Beaucoup d’acteurs et d’observateurs du marché s’accordent à dire qu’il y a trop de magasins d’optique (environ 12 000) en France. Comment parvenir à se différencier et à préserver ses niveaux d’activité ?
Cela fait plusieurs années que l’on dit qu’il y a beaucoup de magasins d’optique, cette croissance impactant le chiffre d’affaires moyen par point de vente. Cela étant dit, la concurrence ne nous effraie pas ! Le marché va en effet se réguler au profit des acteurs qui sauront se différencier de par leur politique commerciale pour gagner des parts de marché. Encore plus dans une période incertaine puisque le métier d’opticien bouge très vite entre les évolutions législatives à venir et les appels d’offre générés par les mutuelles.

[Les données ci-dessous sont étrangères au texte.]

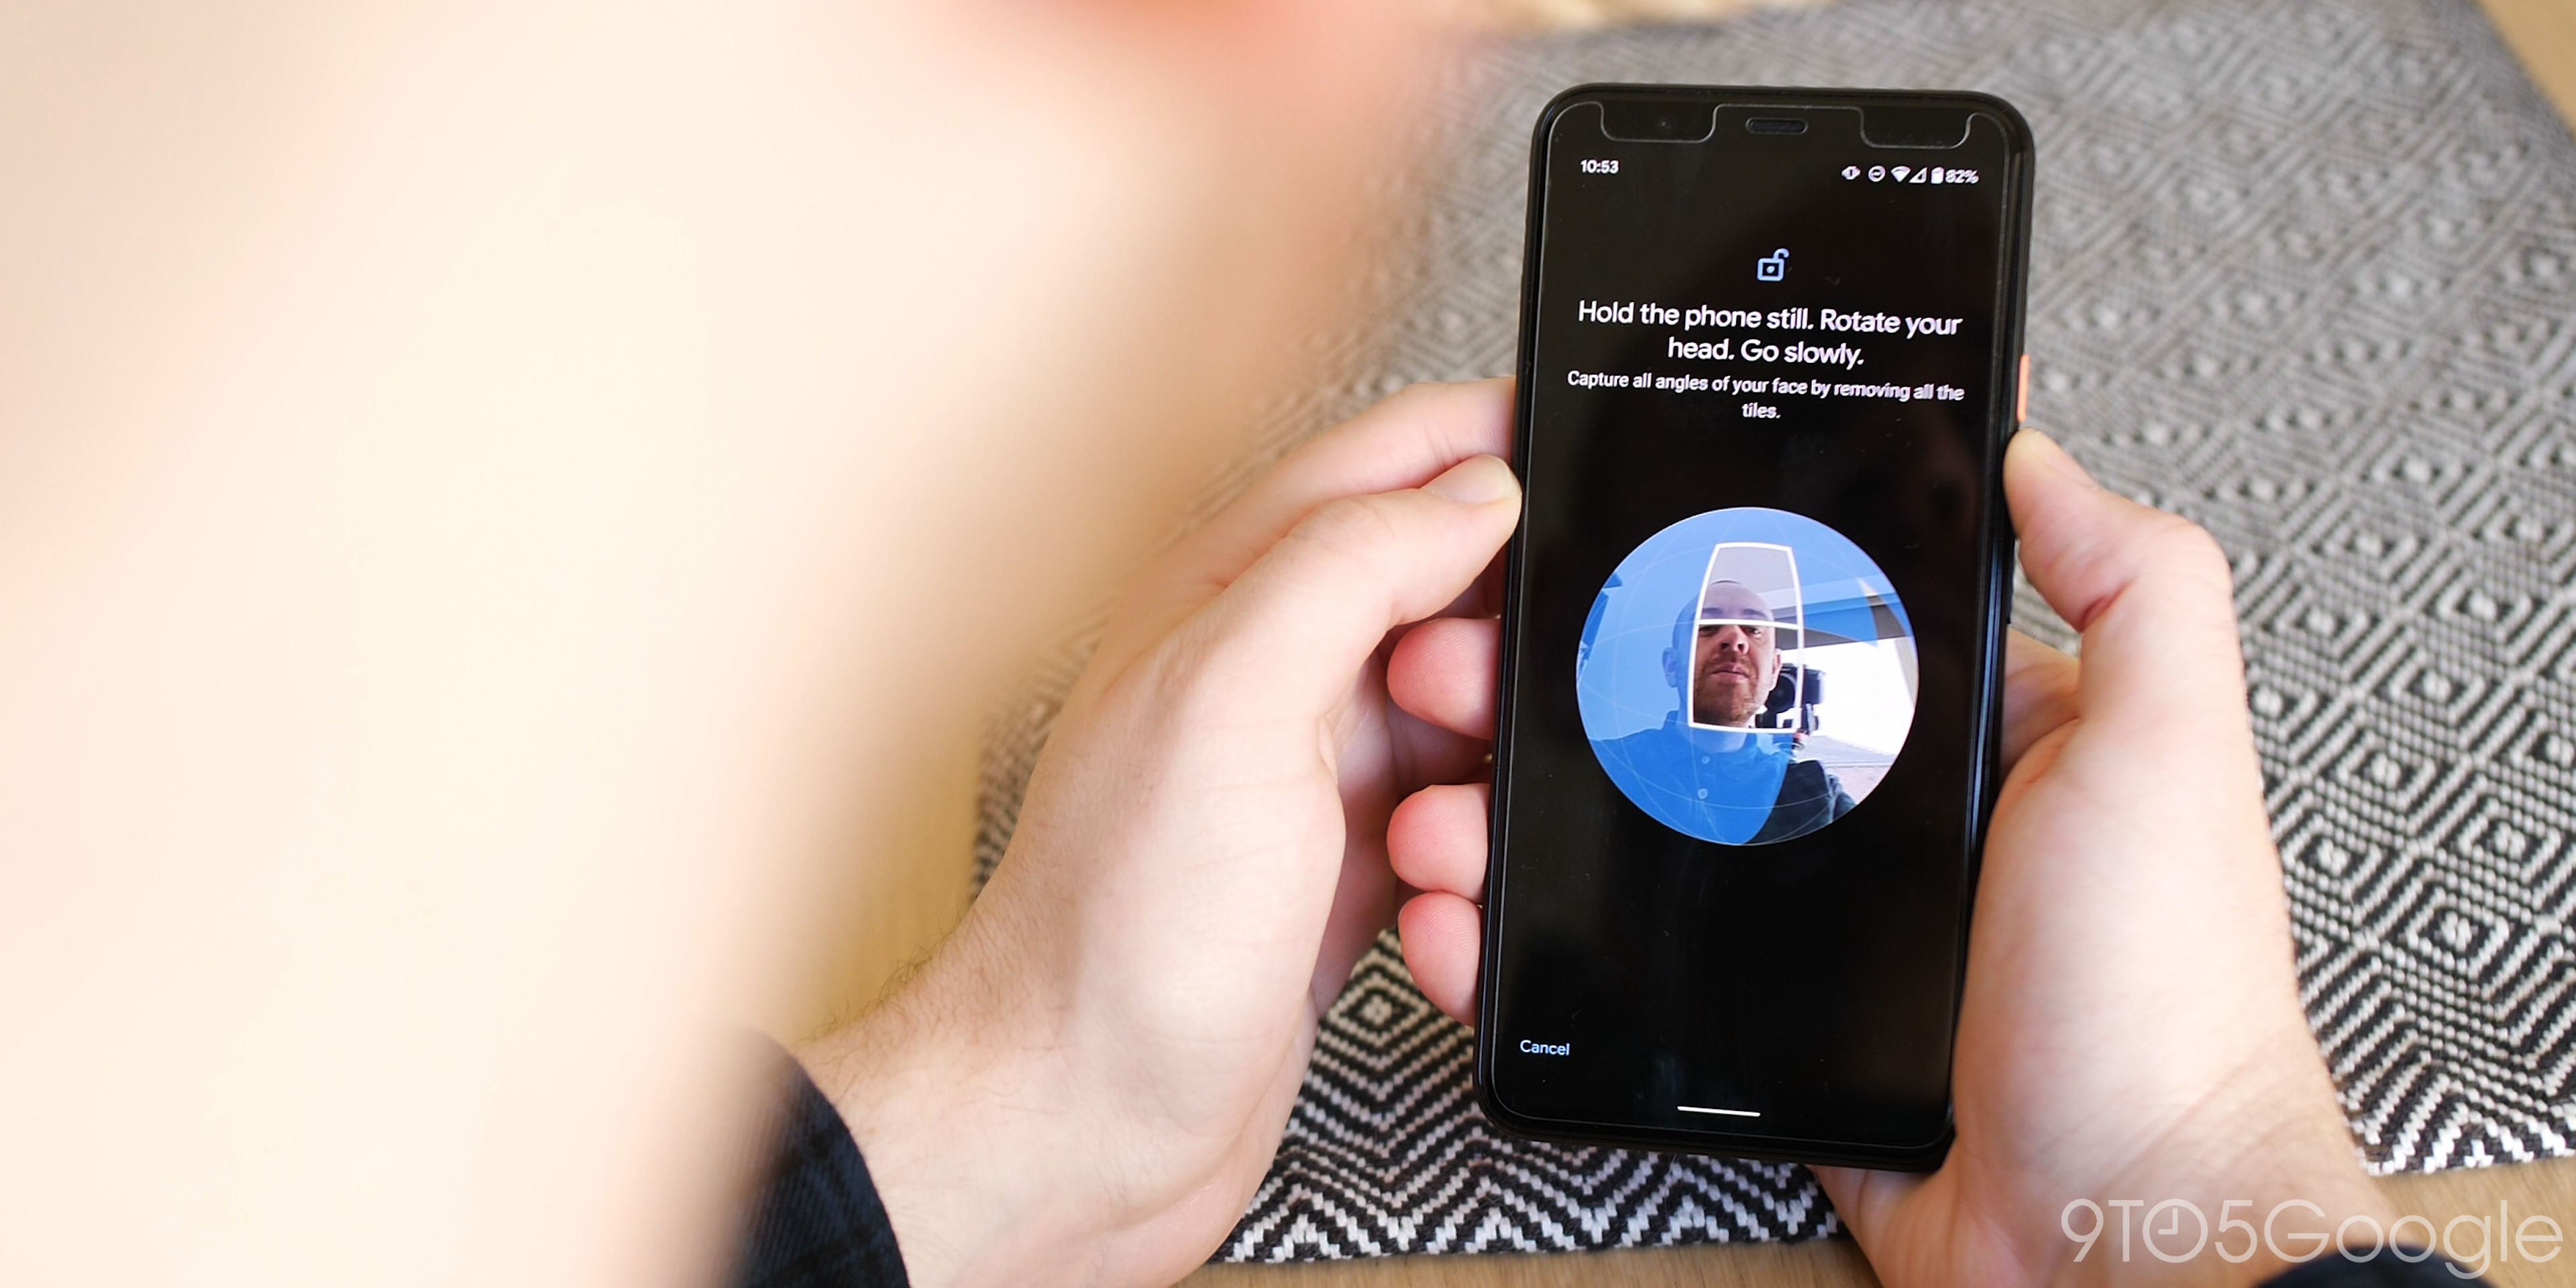 Pixel 4 XL face unlock registration

Dans ce contexte, Générale d’Optique s’en sort bien : le réseau franchise a enregistré une progression d’activité de 6 % en 2013 à surface comparable. Cette année, nous étions à +9 % à fin mai. Ces résultats sont d’abord le fruit d’une politique commerciale forte et d’un niveau de service élevé suivis par tous, succursalistes et franchisés. Nous sommes en particulier les seuls à faire choisir aujourd’hui la deuxième paire sur l’ensemble de notre offre optique.
Le positionnement historique de la marque est clairement identifié : Générale d’Optique est une enseigne militant pour le prix juste avec une politique de prix bas sans concession sur la qualité au travers de ses marques exclusives et de ses produits stylés. Nous ne sommes pas des discounters.

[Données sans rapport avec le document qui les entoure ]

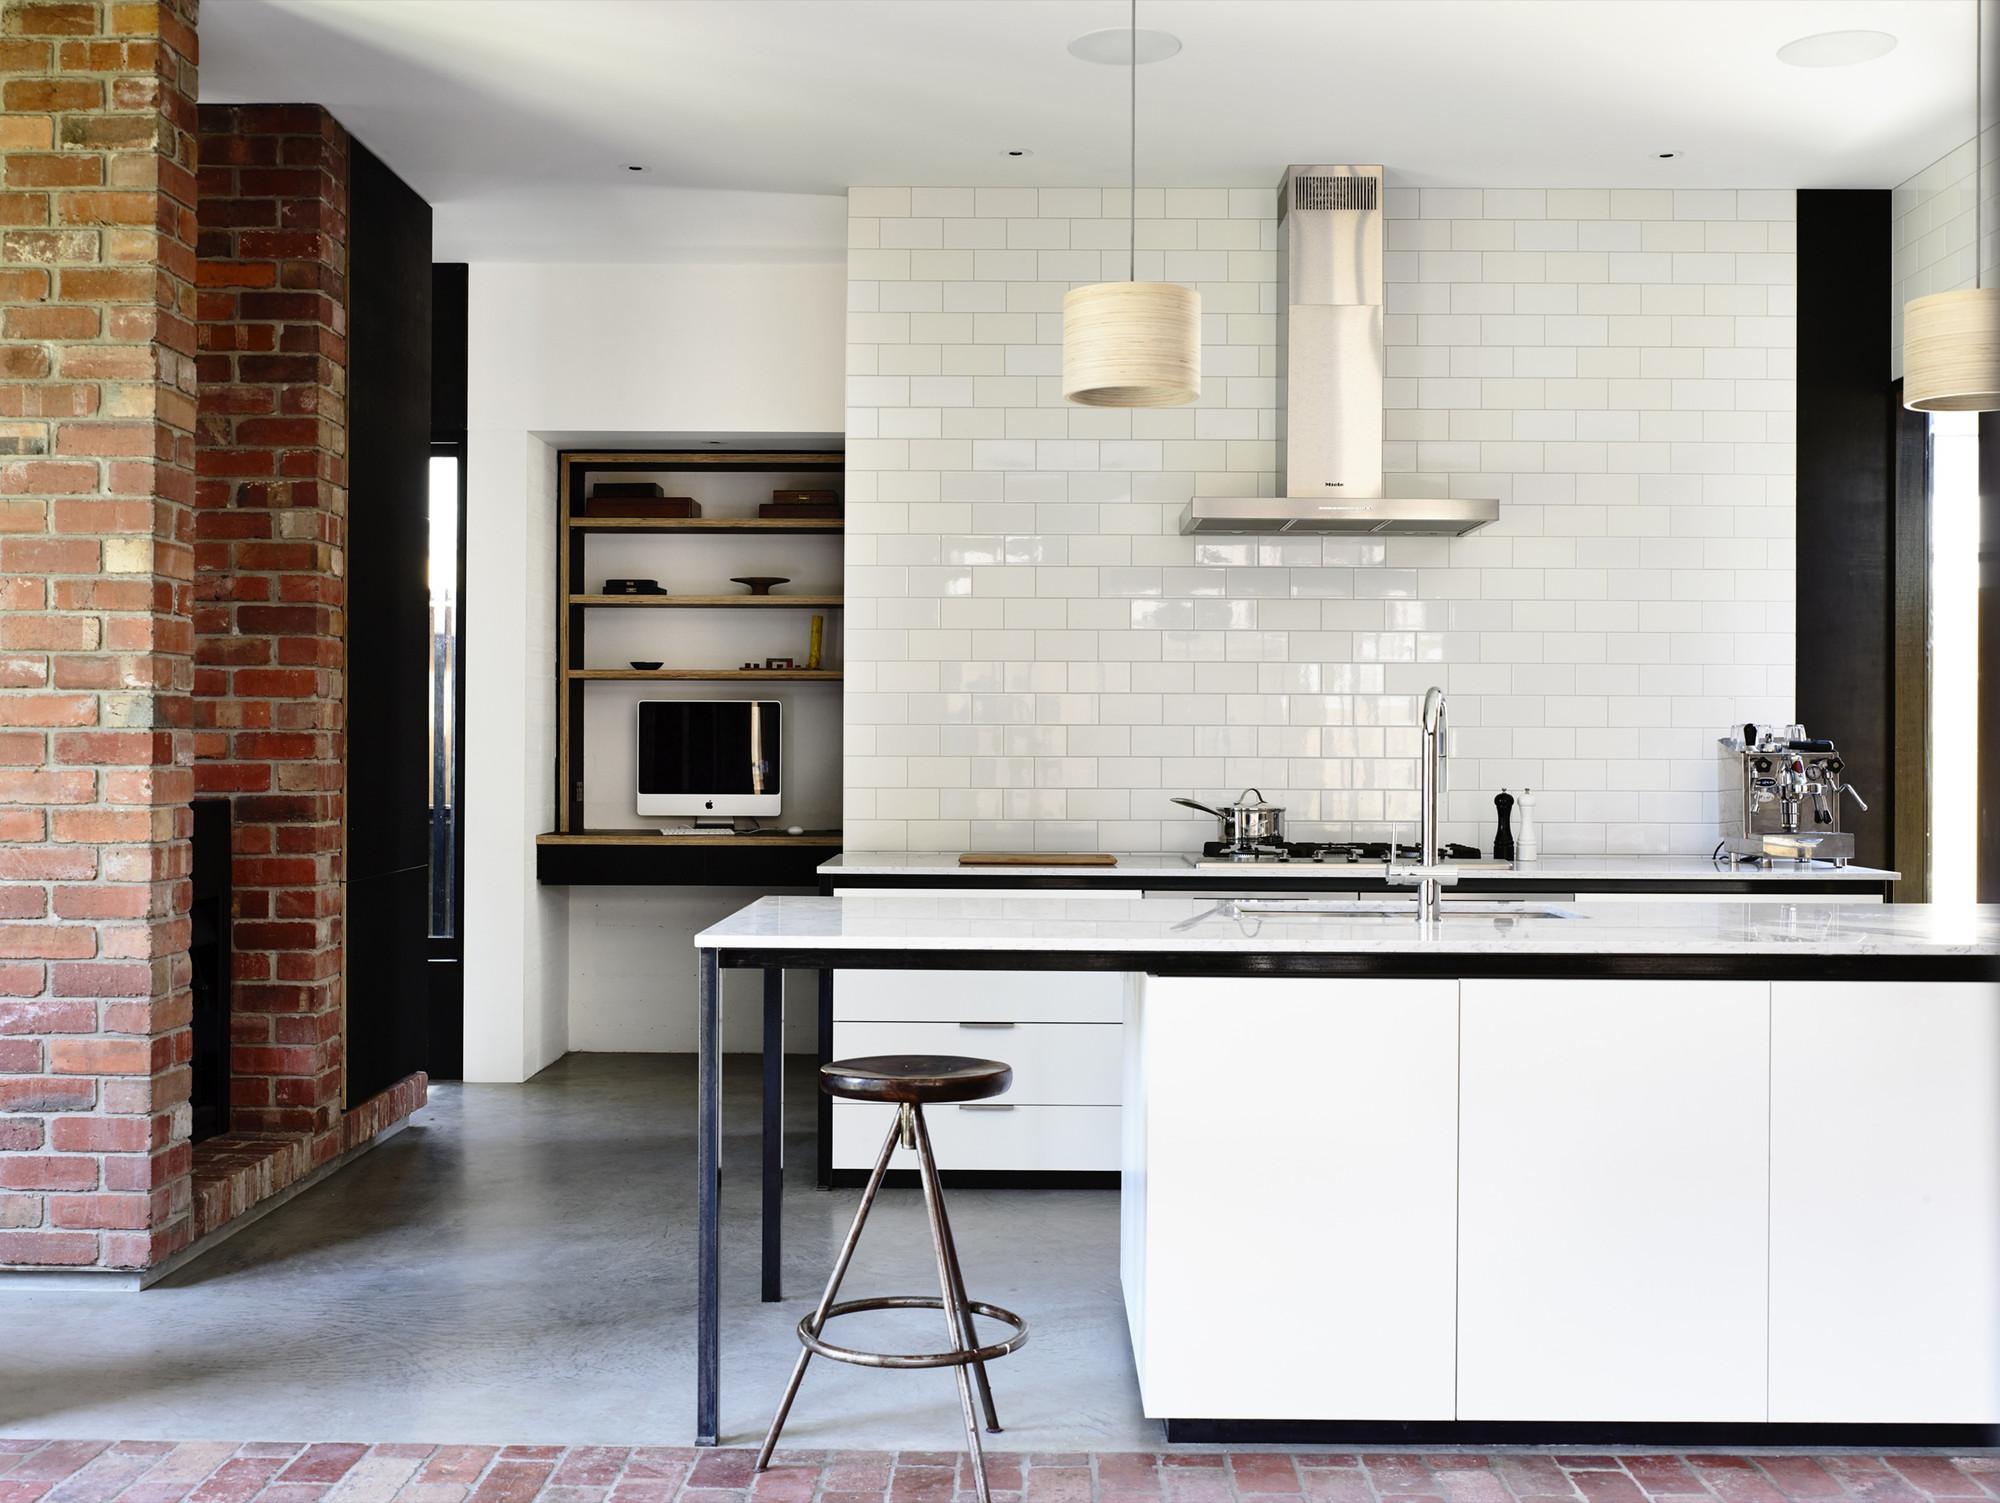 Northcote Residence / Wolveridge Architects, © Derek Swalwell

Quelle est l’envergure de votre réseau de distribution en succursale et en franchise ? Quelle est votre stratégie d’implantation ?
A date (mi-juin, ndlr), Générale d’Optique compte 322 succursales et 185 franchises. Depuis quelques années, le rythme de développement de l’enseigne est tiré par la franchise dans la mesure où  la chaîne est déjà bien implantée en propre dans toutes les grandes zones du territoire.

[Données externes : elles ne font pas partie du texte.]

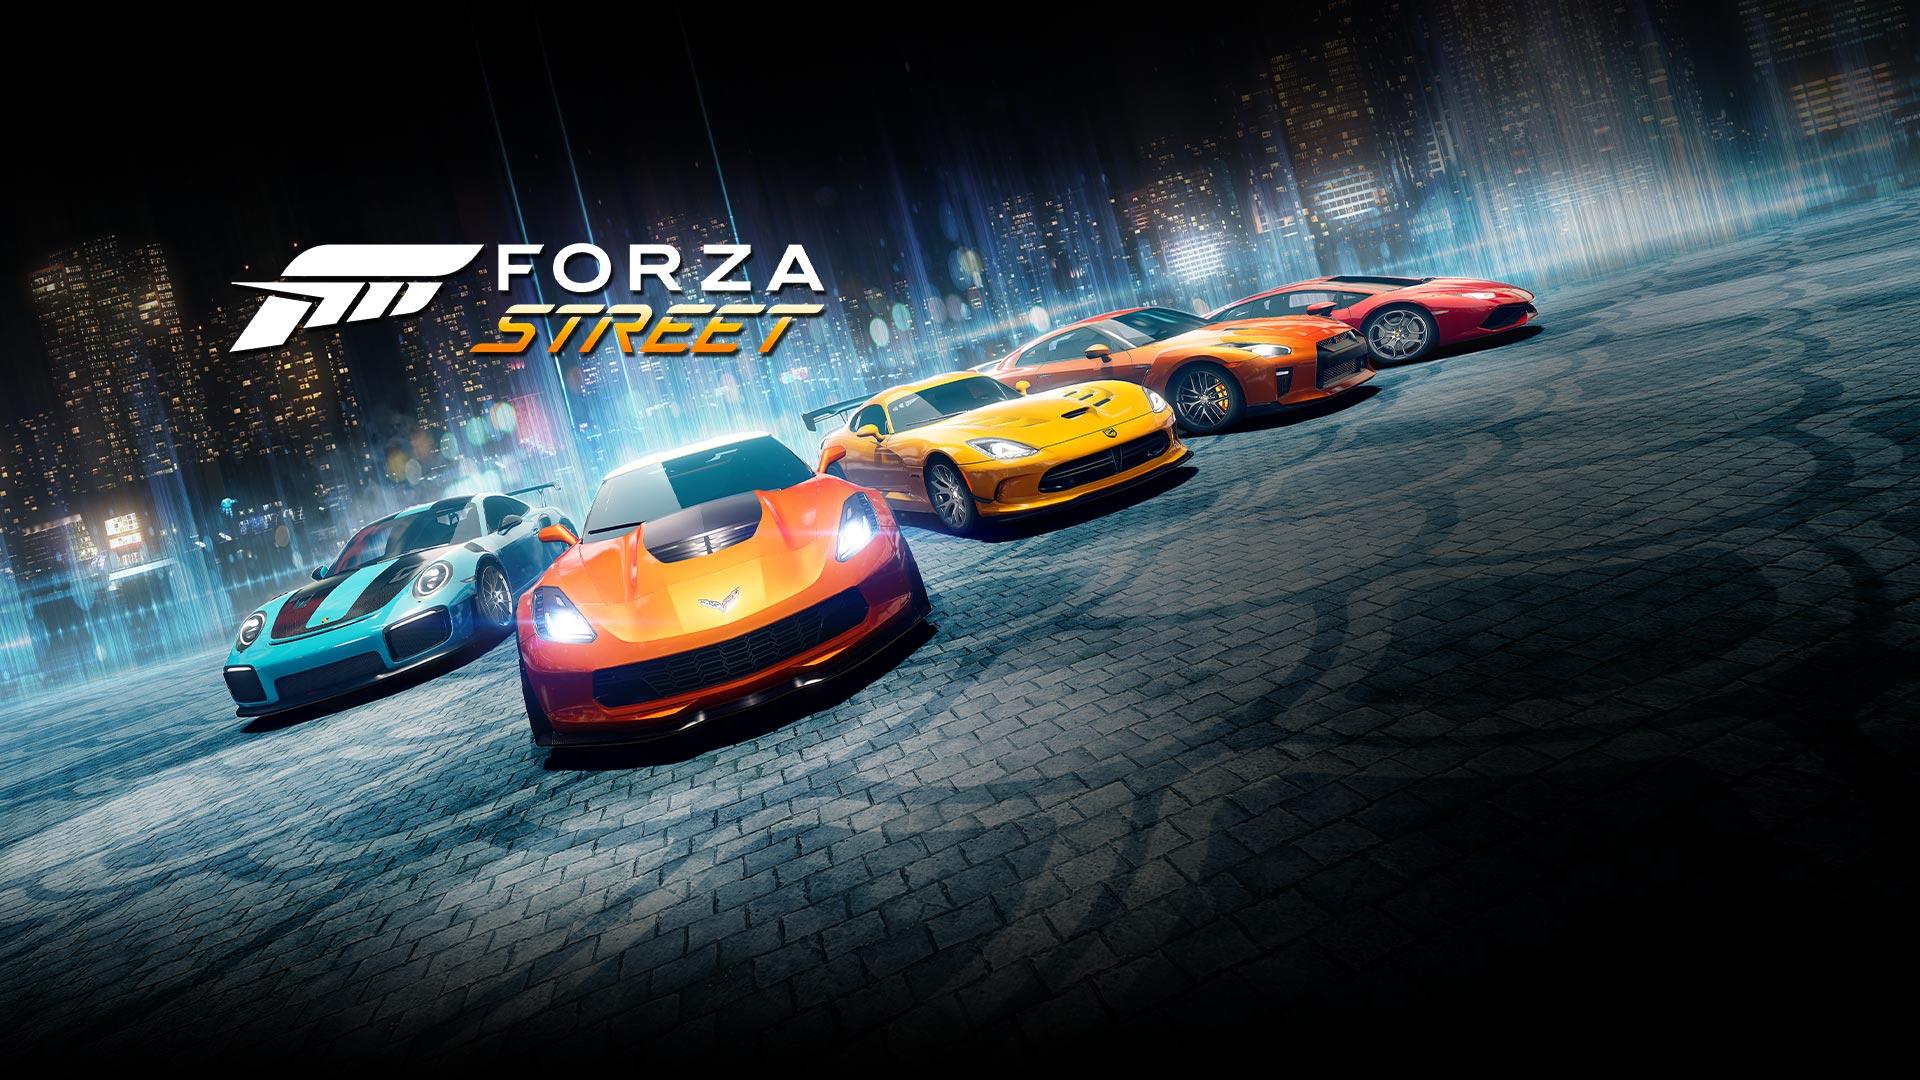 ¡El prerregistro de Forza Street empezó para Android!

Le réseau de franchises est, lui, en pleine croissance : nous avons ouvert 29 magasins franchisés en 2013 et 12 depuis le début de l’année à Arras, Beaugency, Bain-de-Bretagne, Bastia, Riom… Une dizaine d’autres suivront sur le second semestre dont Nevers, Beaune etc.
Nous sommes aujourd’hui plutôt positionnés sur les zones de périphérie en retail park, qui concentrent environ 80 % des projets. En plus de leur attractivité en termes de coûts d’investissements et de valeurs locatives, ces pôles de consommation sont de plus en plus plébiscités par la clientèle, qui peut y trouver l’ensemble des marques tout en stationnant aisément.

Quels sont les profils d’entrepreneurs franchisés qui rejoignent Générale d’Optique ? Quel est l’investissement requis par projet ?
En interne, la multifranchise est un axe fort de notre recrutement. Nous accompagnons volontiers les partenaires déjà en place pour ouvrir un deuxième voire un troisième magasin. Les intrapreneurs issus du réseau succursaliste – collaborateurs et directeurs de magasins désireux d’entreprendre à leur compte avec la marque – sont très intéressants car ils connaissent la politique commerciale et réalisent souvent d’excellents résultats une fois devenus franchisés.
Générale d’Optique recrute également des entrepreneurs extérieurs, qu’ils s’agissent d’opticiens indépendants ou d’opticiens diplômés primo-accédants voulant ouvrir leur propre point de vente avec l’appui et l’accompagnement de l’enseigne.
Pour un projet de retail park en franchise, un candidat doit tabler sur une enveloppe d’investissement – variable selon l’emplacement – de l’ordre de 350 000 euros pour un magasin de 150 m², le format idéal pour le concept.